Niezbyt udana reinkarnacja

BLOG RECENZJA
223V
user-93393 main blog image
MajinYoda | 21.09, 11:42
Poniżej znajduje się treść dodana przez czytelnika PPE.pl w formie bloga.

Jak wspominałem kilka tygodni temu, niedawno obejrzałem dwa tegoroczne anime z motywem reinkarnacji. Poprzednie dostało ode mnie okrągłą 8. W tym przypadku jednak nie jest tak kolorowo.

Bowiem, niestety, As a Reincarnated Aristocrat, I'll Use My Appraisal Skill to Rise in the World jest do bólu sztampowym przedstawicielem gatunku isekai.

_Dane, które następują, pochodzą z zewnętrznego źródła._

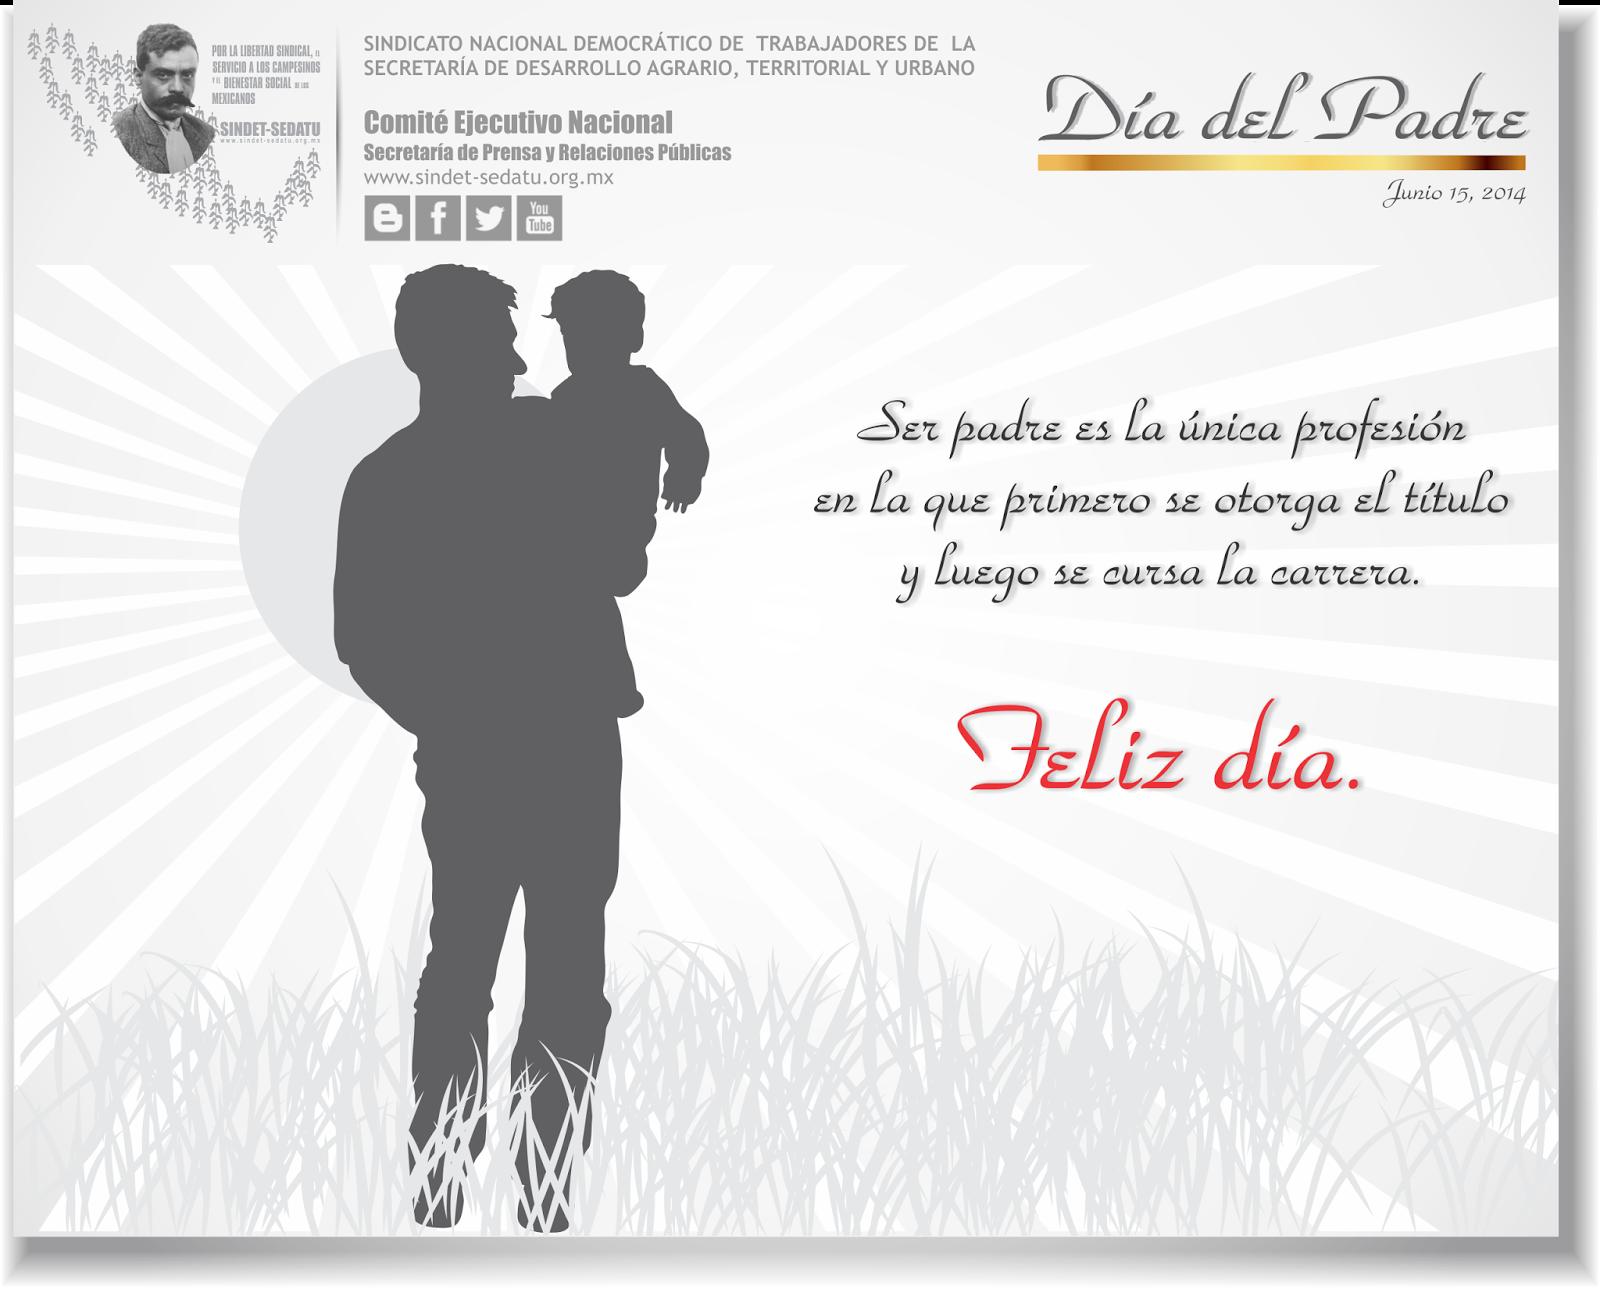 http://1.bp.blogspot.com/-owMFKe7ag-U/U51QUlRLd5I/AAAAAAAAFAA/V2bukul3cBA/s1600/D%C3%ADa+del+Padre+2014.png

Do tego stopnia, że nie wiem czy nie prościej byłoby to nazwać: Everything You Have Already Seen in Isekai, Mixed and Packed into Yet Another Reincarnation Anime With The Most Anooying Protagonist Ever.

Sztampowy bohater sztampowego świata

Bohaterem serialu jest Arse Ars Louvent, syn arystokraty, a w rzeczywistości zreinkarnowany gostek ze współczesnej Japonii. Czyli typowa zagrywka dla isekai, choć – o dziwo – bez Truck-kuna. Jednak w przeciwieństwie do opisywanej ostatnio Ivy, Ars dobrze pamięta swoje przeszłe życie. Byłby to spoko motyw, gdyby nie fakt, że jest to wspomniane ze trzy razy we wszystkich 12 odcinkach. Nawet nie ma nigdzie informacji jak miał na imię w poprzednim życiu.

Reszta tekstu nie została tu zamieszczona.